Andrew Heo

Personal information
- Born: March 7, 2001 (age 25) Warrington Township, Pennsylvania, U.S.
- Height: 5 ft 7 in (170 cm)

Sport
- Country: United States
- Sport: Short track speed skating

Medal record
Men's short-track speed skating
Representing the United States
World Short Track Championships
| Bronze medal – third place | 2024 Rotterdam | 2000 m mixed relay |
Four Continents Championships
| Gold medal – first place | 2023 Salt Lake City | 2000 m mixed relay |
| Silver medal – second place | 2023 Salt Lake City | 500 m |
| Silver medal – second place | 2024 Laval | 2000 m mixed relay |
| Bronze medal – third place | 2020 Montreal | 5000 m relay |
| Bronze medal – third place | 2024 Laval | 500 m |

= Andrew Heo =

American speed skater (born 2001)

Andrew Heo (/ˈændɹuː ˈhiːoʊ/; born March 7, 2001) is an American short track speed skater. He represented the United States at the 2022 Winter Olympics and 2026 Winter Olympics.

Heo is of South Korean descent.
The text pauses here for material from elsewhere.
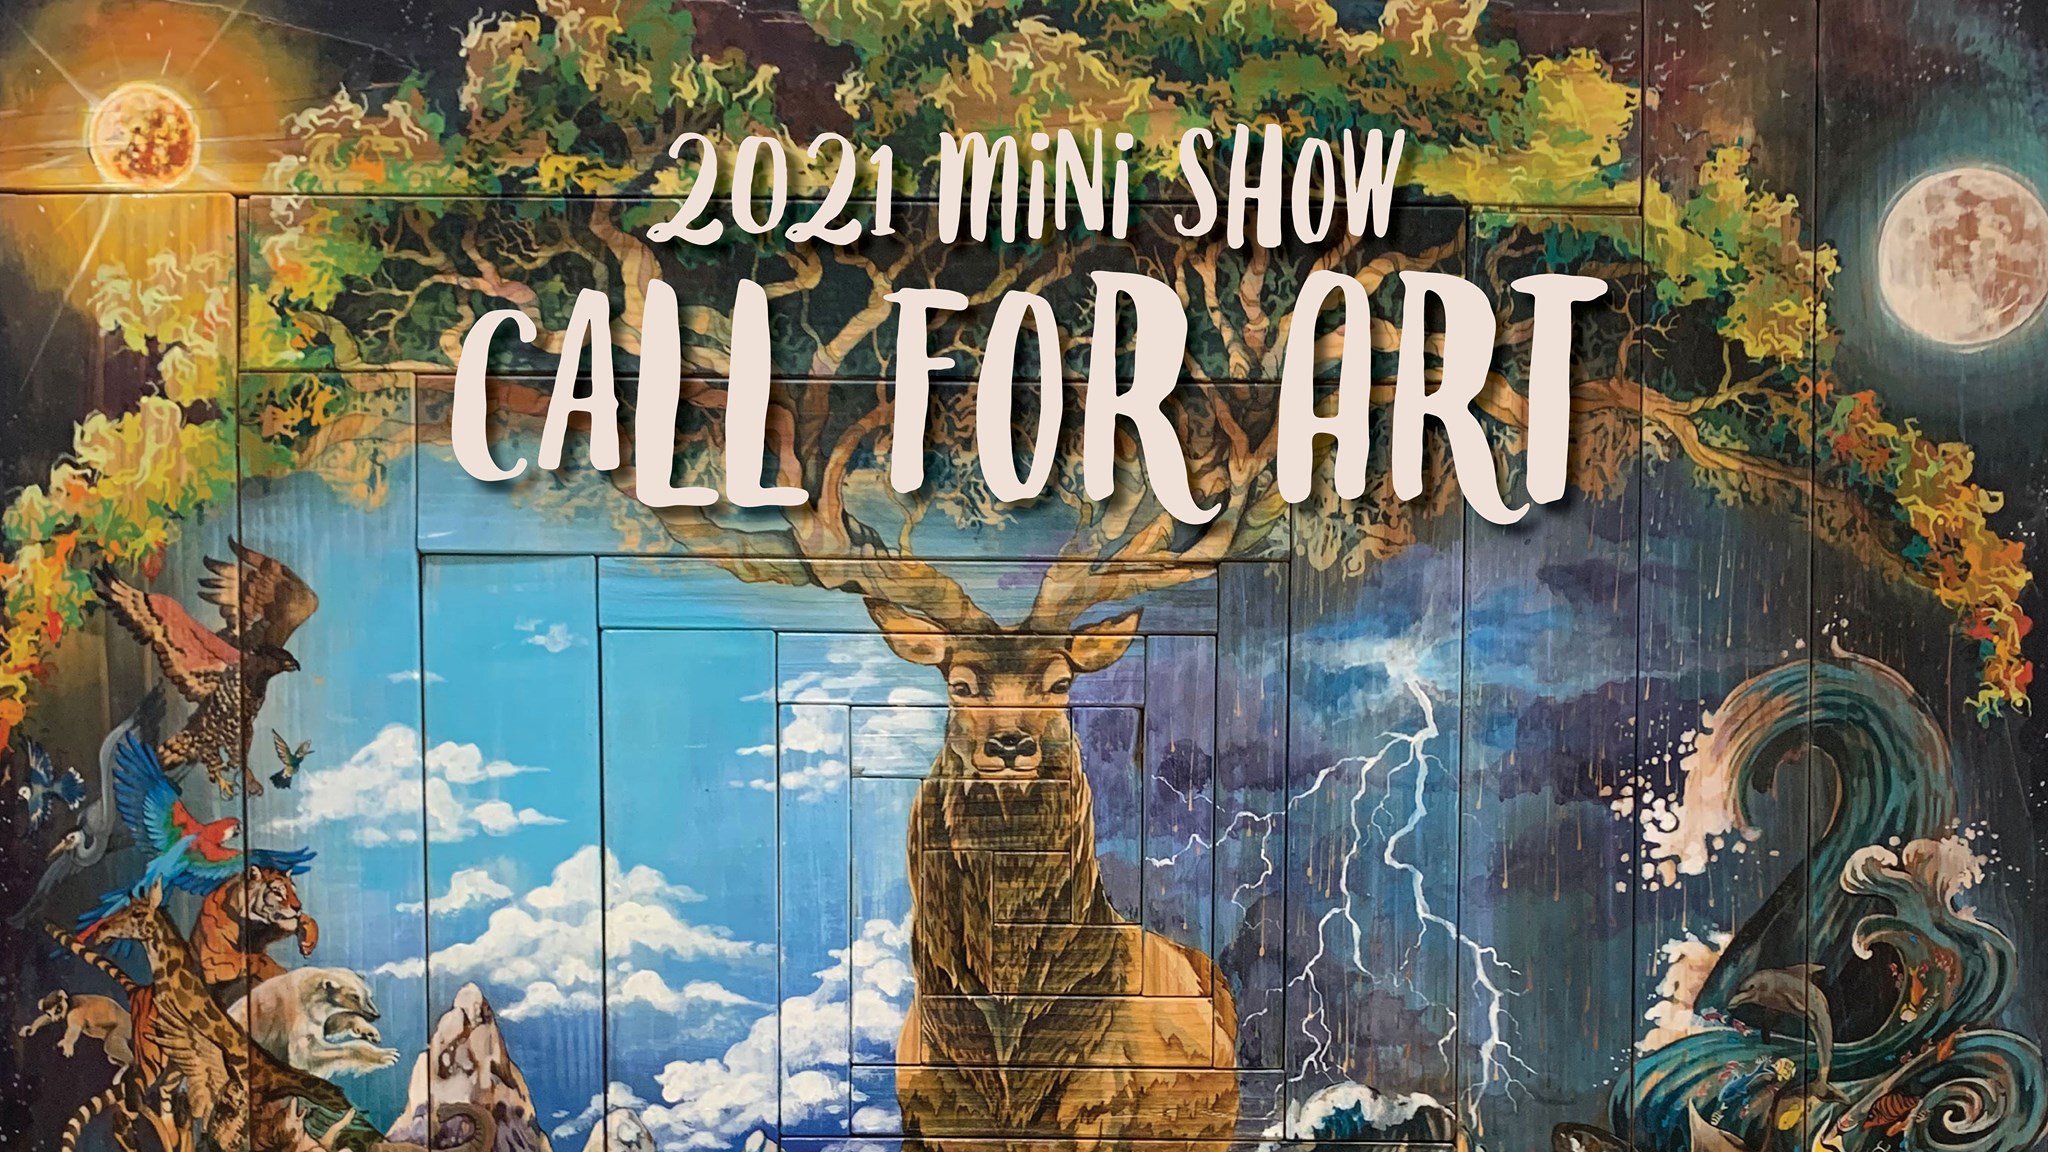 2021 Mini Show Call for Art

His Korean name is Heo Jae-yeong.

==Career==
Heo won a bronze medal at the 2020 Four Continents Short Track Speed Skating Championships in the 5000 metre relay.
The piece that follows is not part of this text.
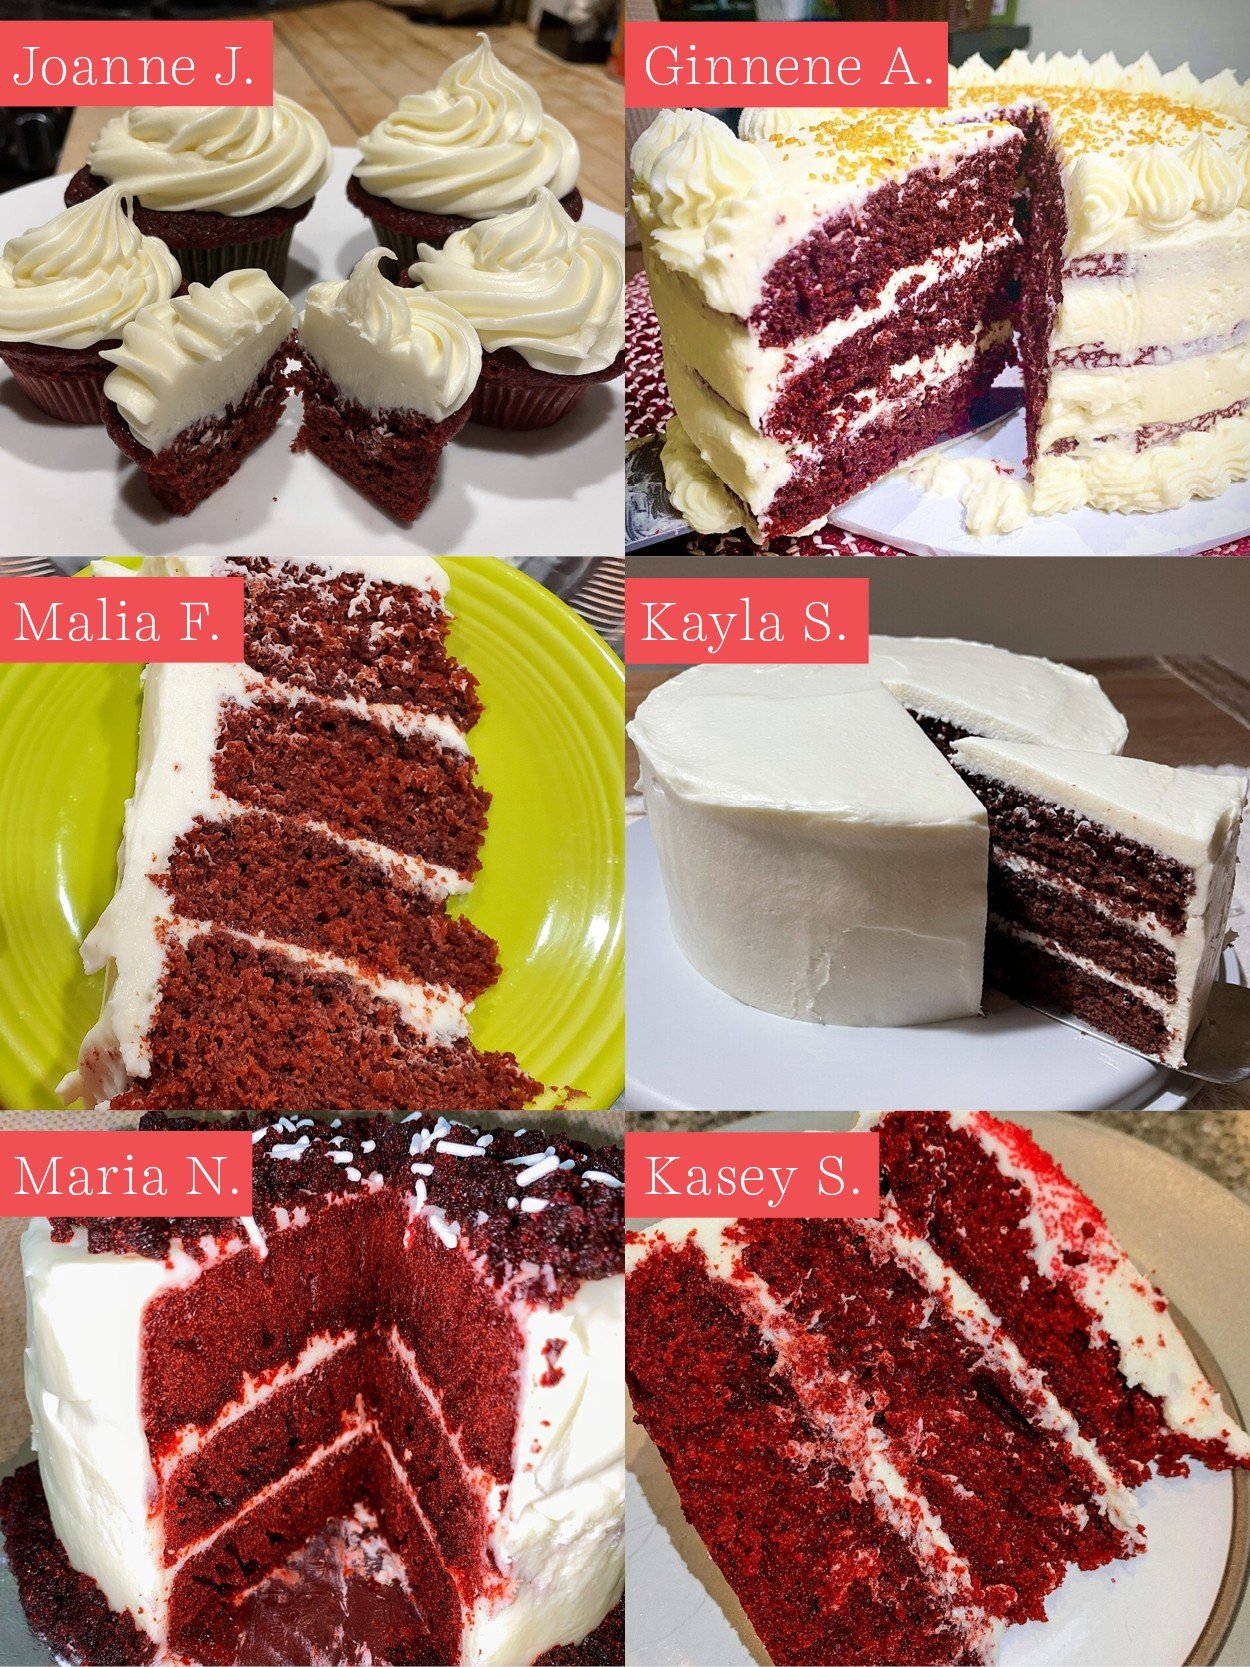 Easy Red Velvet Cake - Just so Tasty

Heo represented the United States at the 2022 Winter Olympics in the men's 1000 metres.

Heo won a gold medal in 2000 metres mixed relay and silver medal in 500 metres at the 2023 Four Continents Short Track Speed Skating Championships. In 2024, he competed at the 2024 World Short Track Speed Skating Championships and won bronze medal in 2000 metres mixed relay.

During the 2025–26 ISU Short Track World Tour, he won a gold medal in the 500 metres, his first-ever podium finish on the circuit. He became the first U.S. man to win a top-level individual race in 11 years. On December 13, 2025, he was named to team USA's roster for the 2026 Winter Olympics.

==Personal life==
Heo's older brother, Aaron, is a short track speed skater and represented the United States at the 2016 Winter Youth Olympics.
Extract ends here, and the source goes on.